= Beginning of Section =
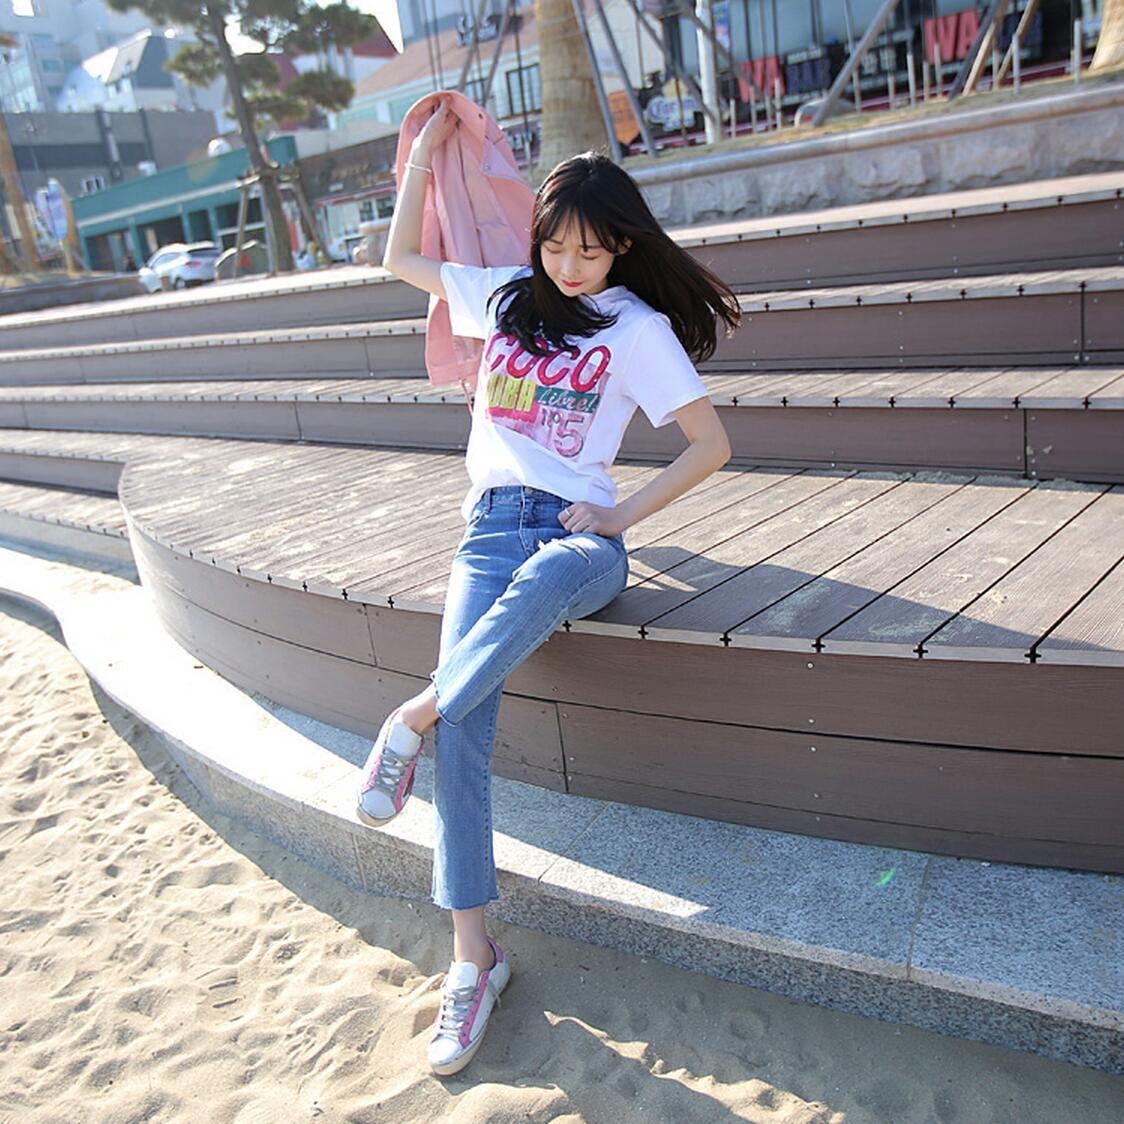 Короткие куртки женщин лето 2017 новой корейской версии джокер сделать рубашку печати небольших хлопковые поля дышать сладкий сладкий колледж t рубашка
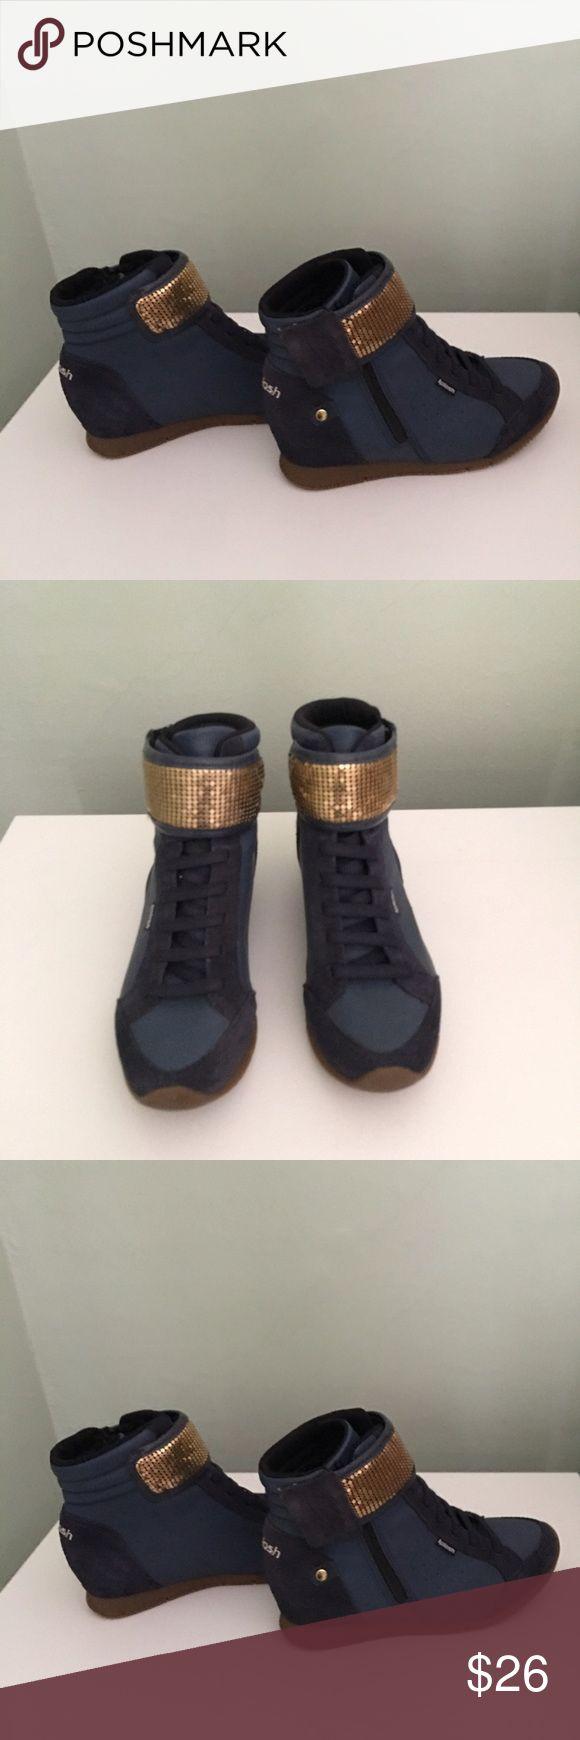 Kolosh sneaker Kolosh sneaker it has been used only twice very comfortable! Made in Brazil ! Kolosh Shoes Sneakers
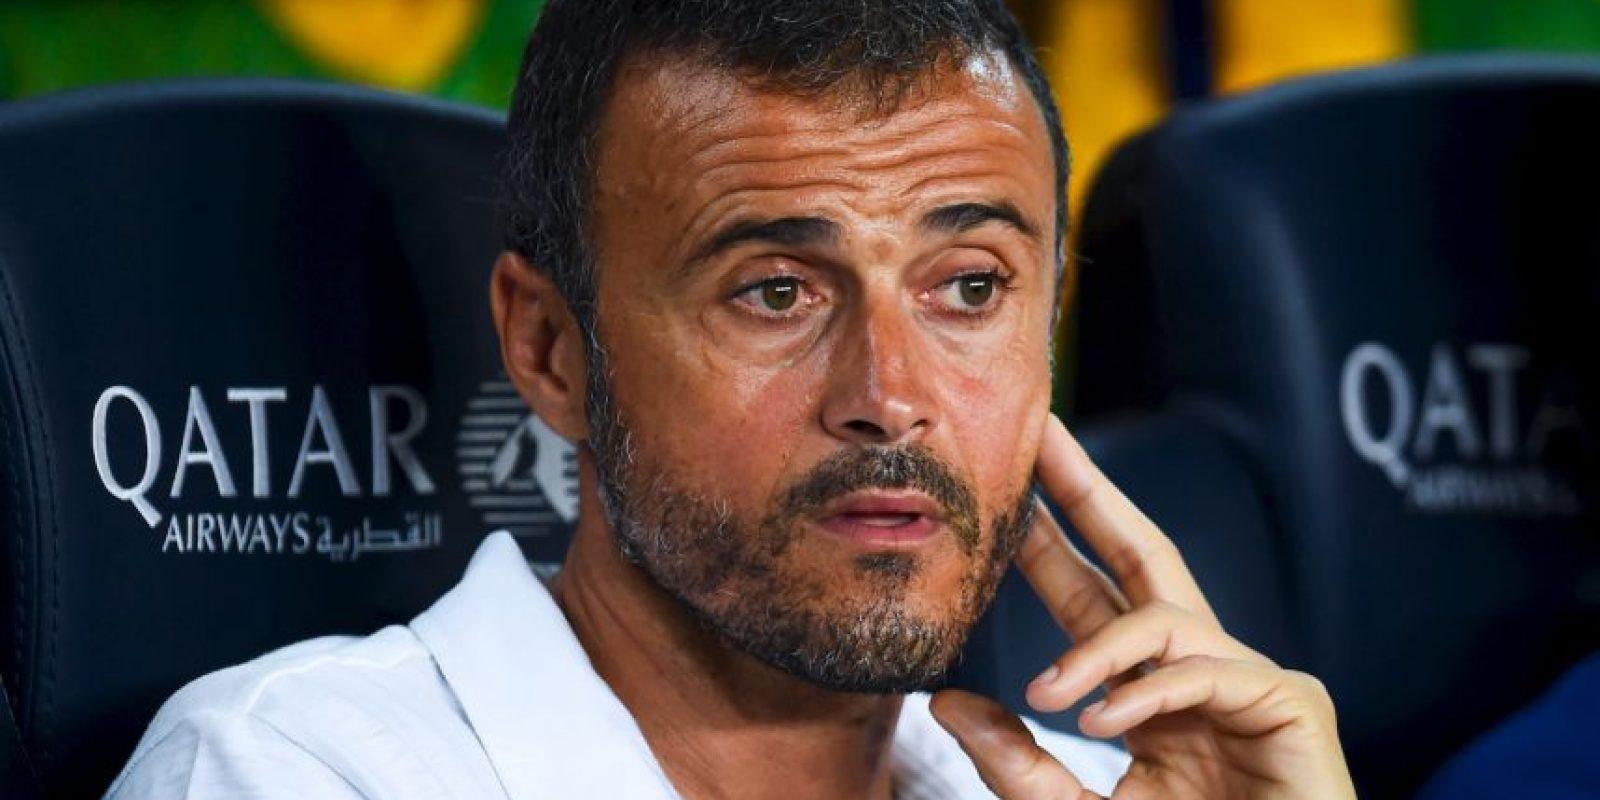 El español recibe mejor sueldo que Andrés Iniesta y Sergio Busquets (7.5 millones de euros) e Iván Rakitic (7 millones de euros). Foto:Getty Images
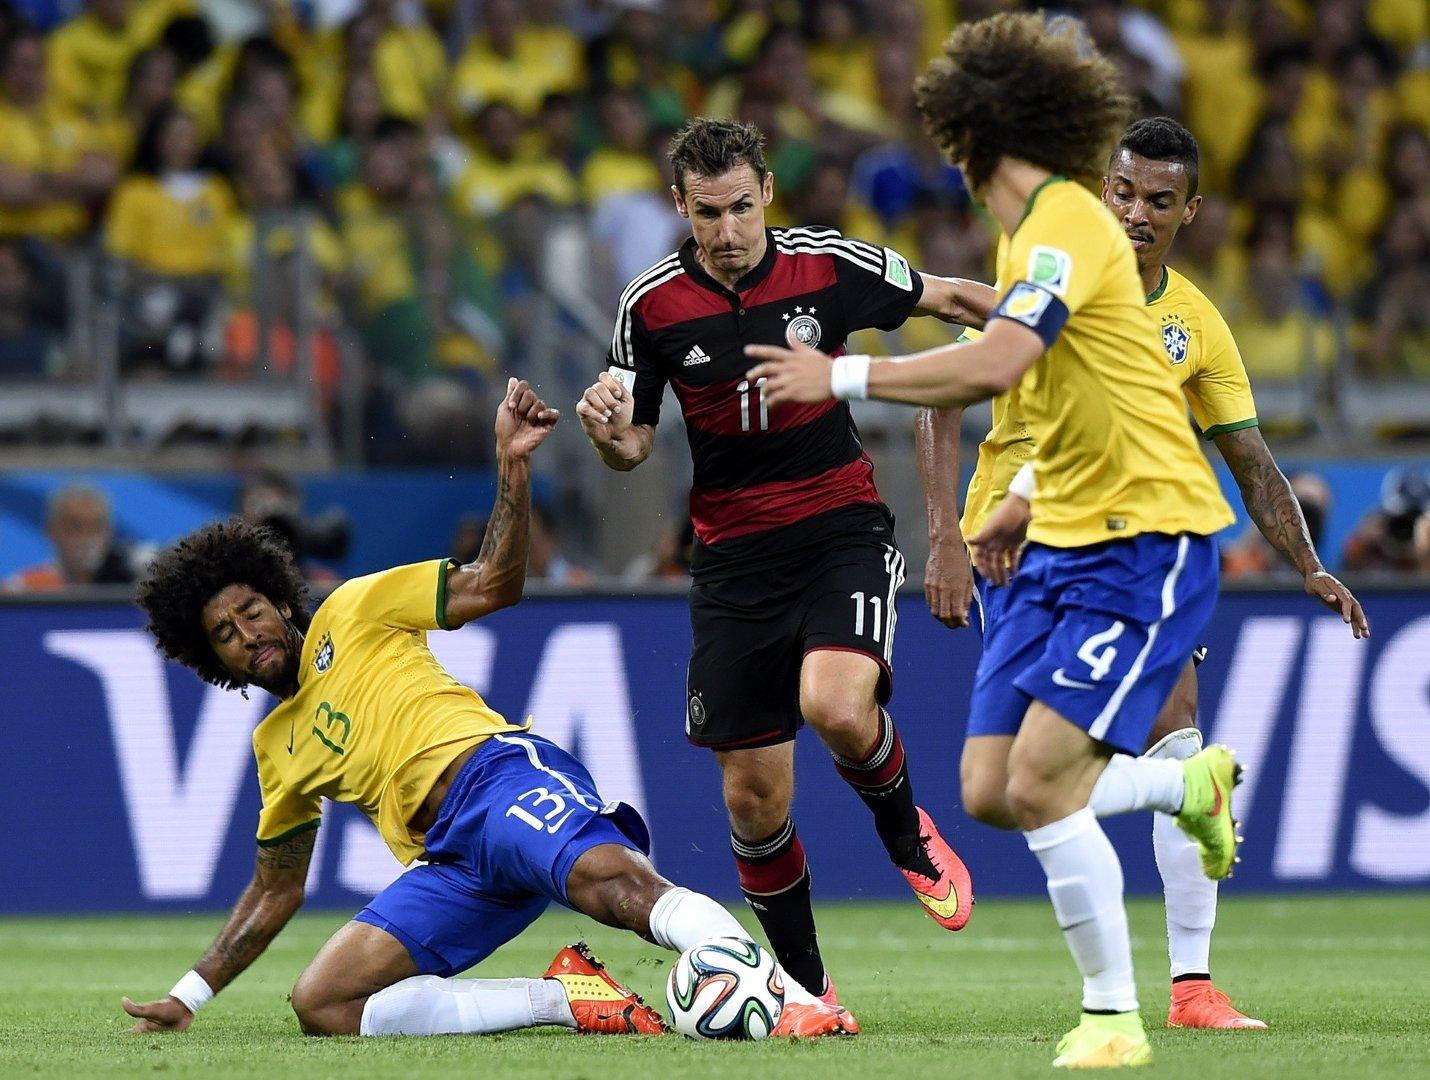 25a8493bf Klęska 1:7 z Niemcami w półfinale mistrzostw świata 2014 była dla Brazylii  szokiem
= End of Section =
> _YOUR TASK_: Return all the data exactly, pictures omitted.

> _OUTPUT_:
 Короткие куртки женщин лето 2017 новой корейской версии джокер сделать рубашку печати небольших хлопковые поля дышать сладкий сладкий колледж t рубашка
 Kolosh sneaker Kolosh sneaker it has been used only twice very comfortable! Made in Brazil ! Kolosh Shoes Sneakers
 El español recibe mejor sueldo que Andrés Iniesta y Sergio Busquets (7.5 millones de euros) e Iván Rakitic (7 millones de euros). Foto:Getty Images
 25a8493bf Klęska 1:7 z Niemcami w półfinale mistrzostw świata 2014 była dla Brazylii  szokiem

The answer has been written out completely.